**Problem to work on:** Look below for the line containing "slide 5 of 29, Meijer" and the line containing "pfirsich melba dessert"; repeat exactly those two lines and all lines between them, and nothing else.

**Supplied information:**
-- -- --

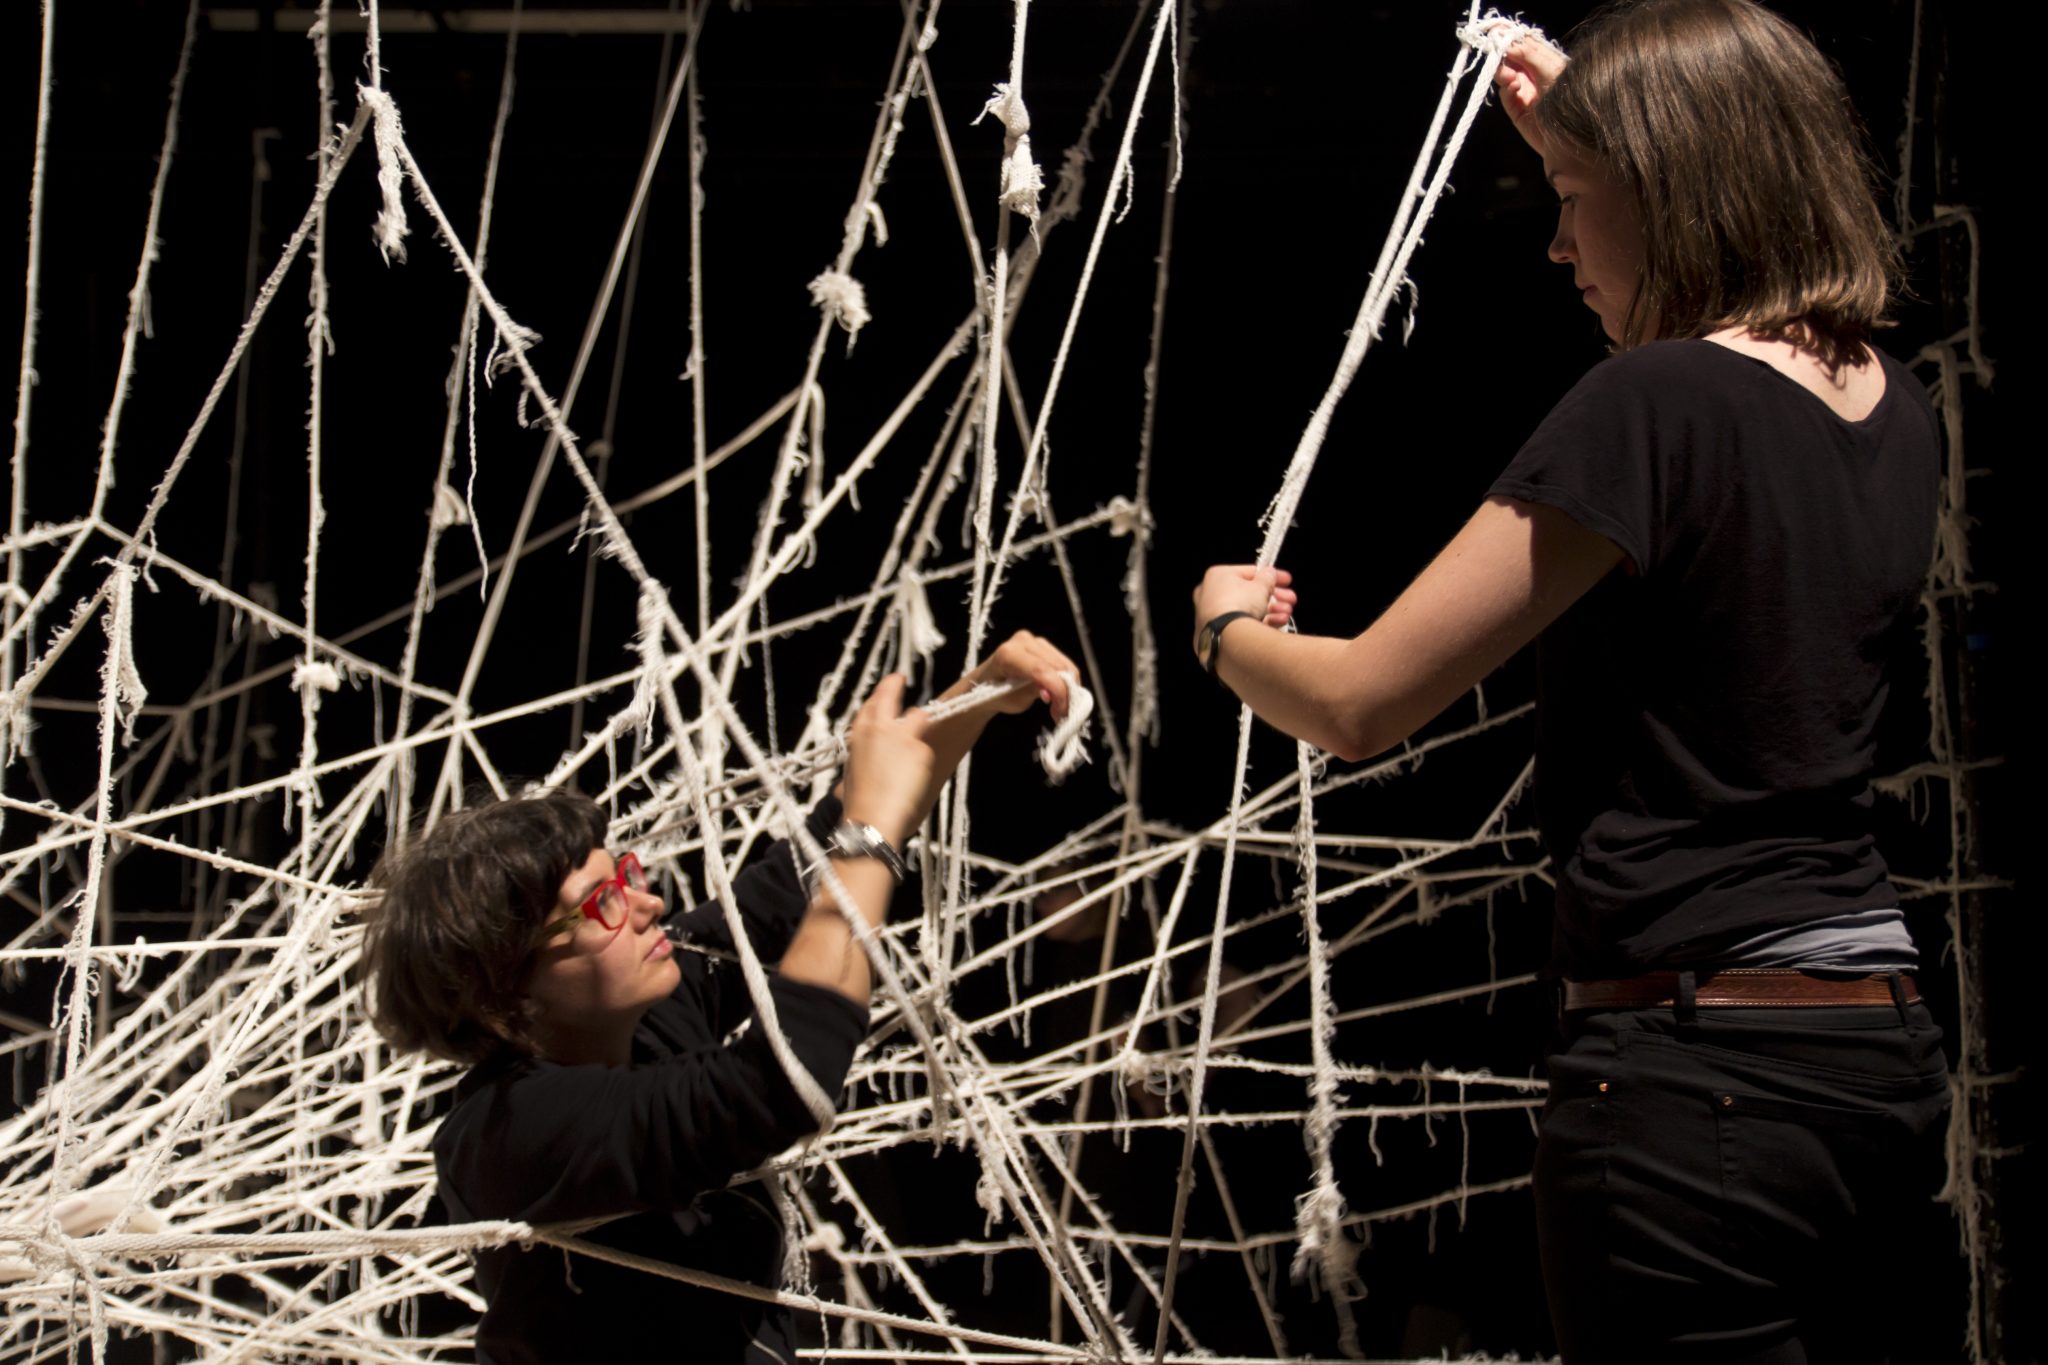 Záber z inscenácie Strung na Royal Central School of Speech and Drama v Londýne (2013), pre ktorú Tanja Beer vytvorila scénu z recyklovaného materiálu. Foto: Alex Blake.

-- -- --

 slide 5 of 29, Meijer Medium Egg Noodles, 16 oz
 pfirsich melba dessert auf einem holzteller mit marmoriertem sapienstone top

-- -- --

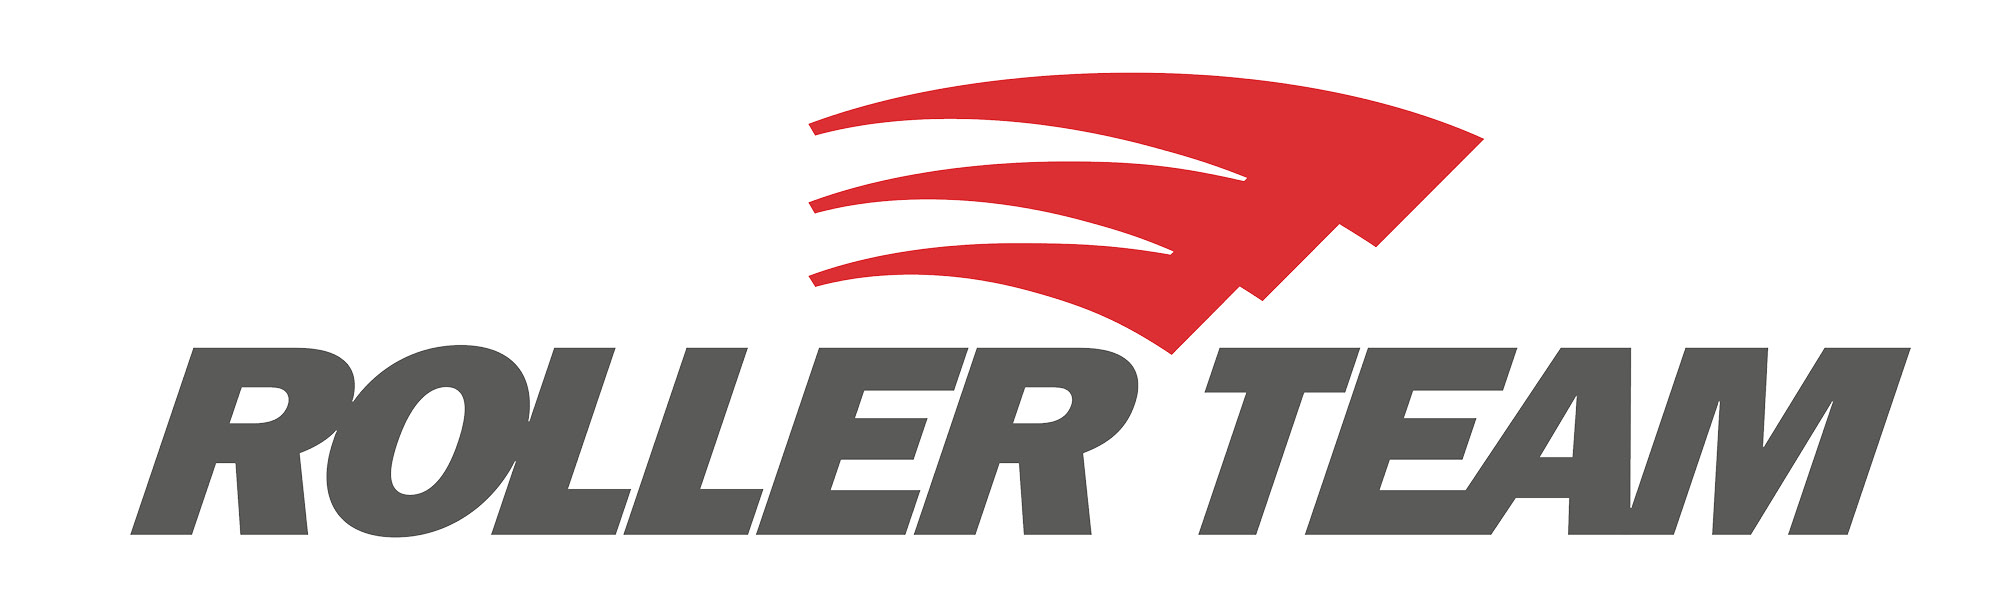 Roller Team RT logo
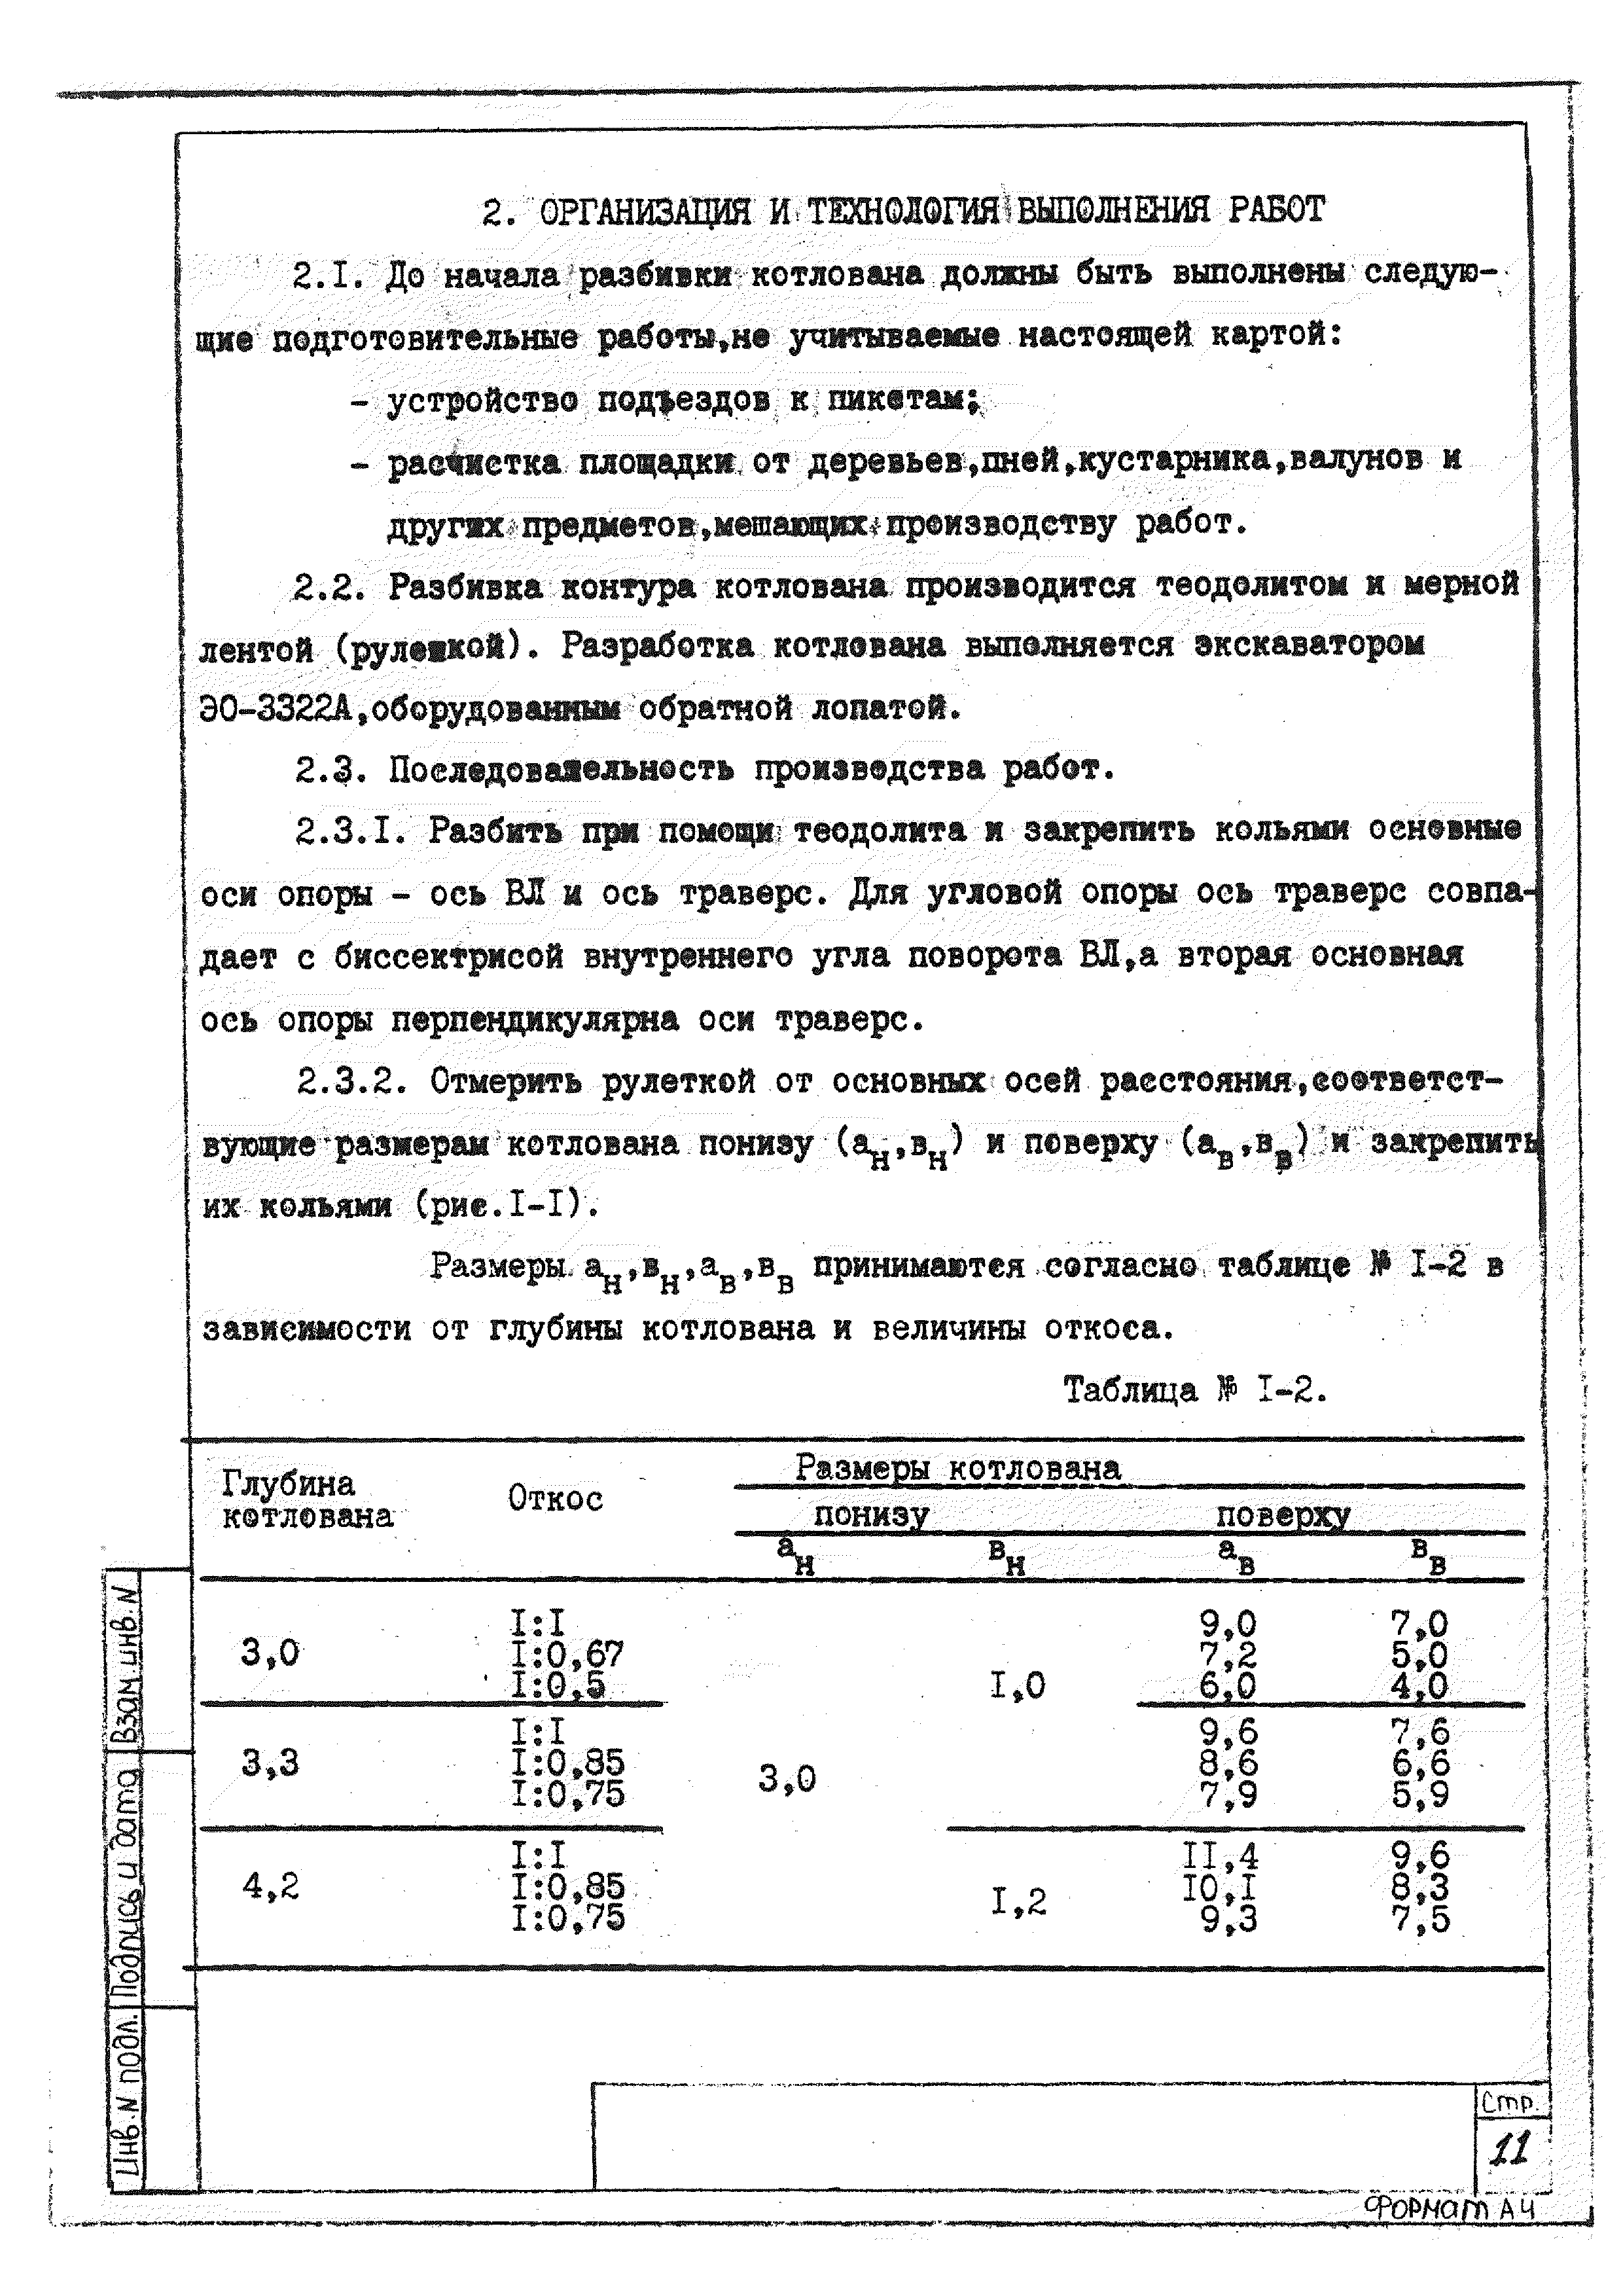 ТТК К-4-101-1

-- -- --

**Expected output:**
 slide 5 of 29, Meijer Medium Egg Noodles, 16 oz
 pfirsich melba dessert auf einem holzteller mit marmoriertem sapienstone top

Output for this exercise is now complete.